Effect on relationships

Participants’ comments suggest that others’ reactions to migraines are associated with shame, anger, and frustration. Most participants verbalized an unwillingness to tell others when they were experiencing a migraine, reporting that people were unsympathetic. The consensus was that most people dismissed migraines as insignificant and “think you’re embellishing it.”

Issues related to physician care

Some group members were happy with the medical care they received. Identified as important behaviors were a physician’s willingness to consider alternative treatments, to “sit down and listen,” and to “pull out a book and look it up.” However, significant frustration related to medical care was evident as well (Table 2). The most emotionally laden issue in this category was the feeling of being “dismissed” by physicians who did not appear to take complaints of headache pain seriously. Some participants reported that they had endured years of frequent migraines since allegedly being told to “live with it” by a physician.

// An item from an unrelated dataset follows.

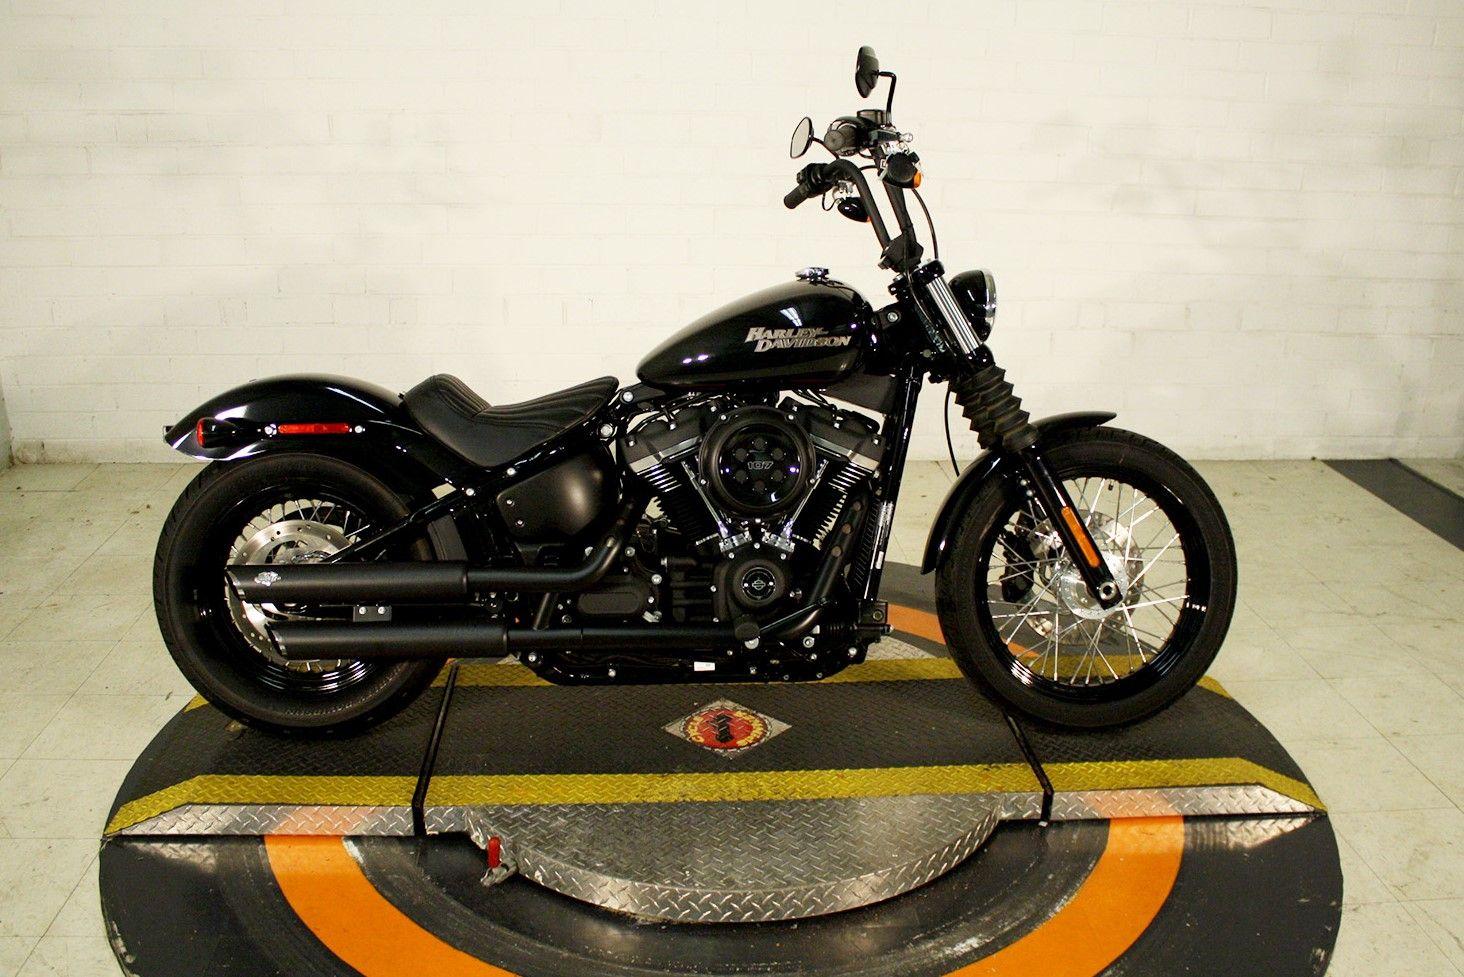 Pre Owned 2019 Harley Davidson Street Bob In Winston Salem Pn072756 Smokin Harley Davidson

The majority of group members perceived that they had to take responsibility for researching new treatment options, including medications and alternative therapies, and to take suggestions to their physicians. Some, especially women considering pregnancy, were dissatisfied with a perceived emphasis on drug therapy. Many participants were concerned about possible long-term complications from taking potent medications and believed that their health care providers addressed their concerns inadequately.